Each run produces a composite in [0, 1], blending correctness and memory:

composite = 0.6 × tool_mean + 0.4 × memory_mean
  • tool_mean — tool-calling / routing accuracy: did the harness call the right memory tools with the right arguments?
  • memory_mean — memory recall: did it surface the correct memory for each question (LLM-judged)?
  • Latency — the median per-case wall-clock is measured and reported alongside. Keep your harness fast; a correct-but-slow harness leaves points on the table.

The same composite is what you see when you practice off-chain with the starter kit, so your practice number and your on-chain number are directly comparable.

From score to emissions

Winner-take-most.
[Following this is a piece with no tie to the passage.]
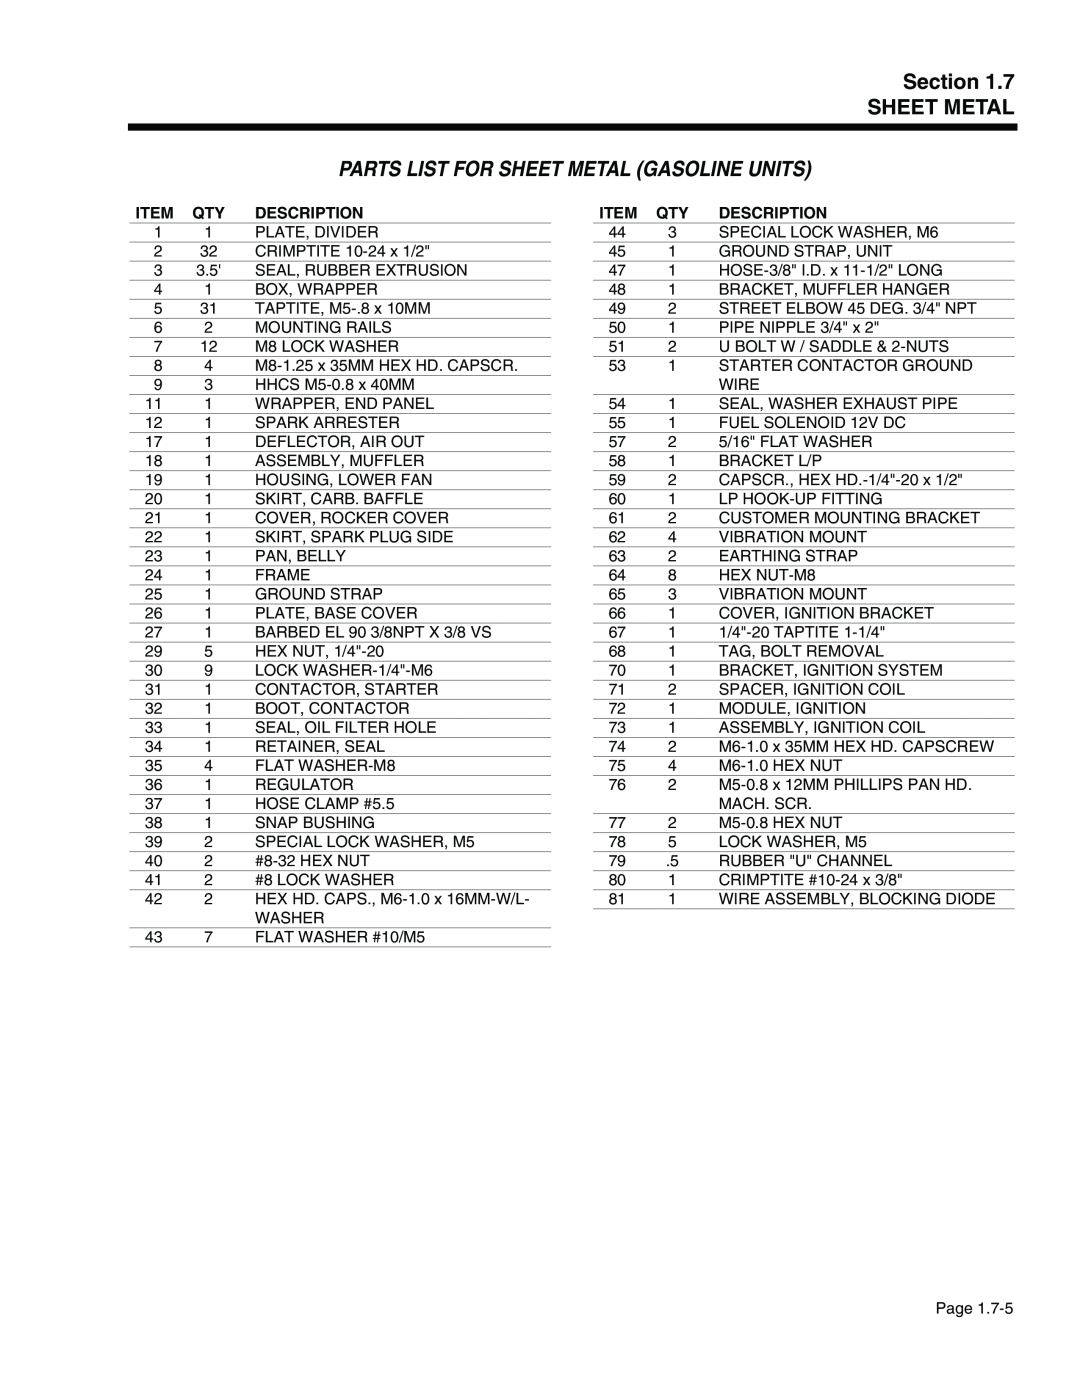 Generac Power Systems 941-2, 940-2 Section SHEET METAL, Parts List For Sheet Metal Gasoline Units, Description 
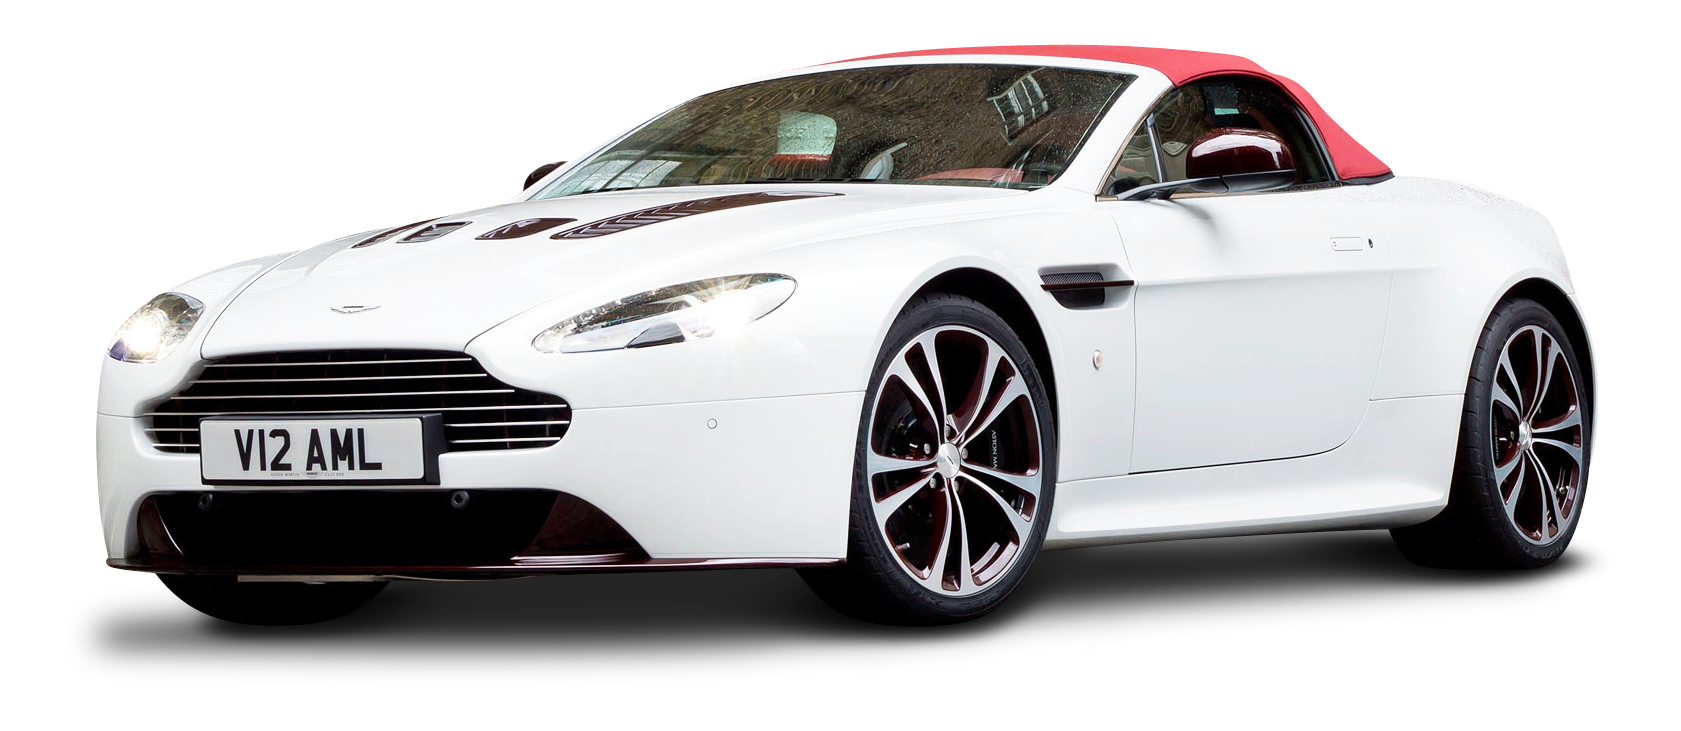 Aston Martin Vantage V12 Sports Car

Only positive composites earn weight, and emissions concentrate on the top harness. A small, real improvement over the field can be the difference between most of the subnet’s emissions and none — this is a benchmark race, not a participation pool.

The exact weight curve is part of the incentive mechanism and is being finalized ahead of launch; expect a steep, top-heavy distribution. The score ledger is public, so you can always see where you stand and by how much you need to improve.

How to climb

  • Raise recall first. memory_mean and tool_mean are where the points are. Better embeddings, ranking, subject handling, and reranking all move these.
  • Watch latency. A heavier pipeline that barely improves recall can be a net loss once speed is weighed.
  • Measure on full before you submit. Small runs are for fast iteration; a full practice run is the closest proxy to an on-chain evaluation.
  • Resubmit to climb. Each submission is a fresh, independent evaluation. When you have a better harness, submit it — but remember each on-chain submission costs a fee, so prove it off-chain first.

Status

The scoring design above — DittoBench, the composite formula, multi-validator median finalization — is implemented in the practice bench and in the validator pipeline that is rolling out for launch. The precise on-chain weight/emissions curve is being finalized; treat the mechanics here as the current design and confirm against the subnet repos and announcements before a high-stakes submission.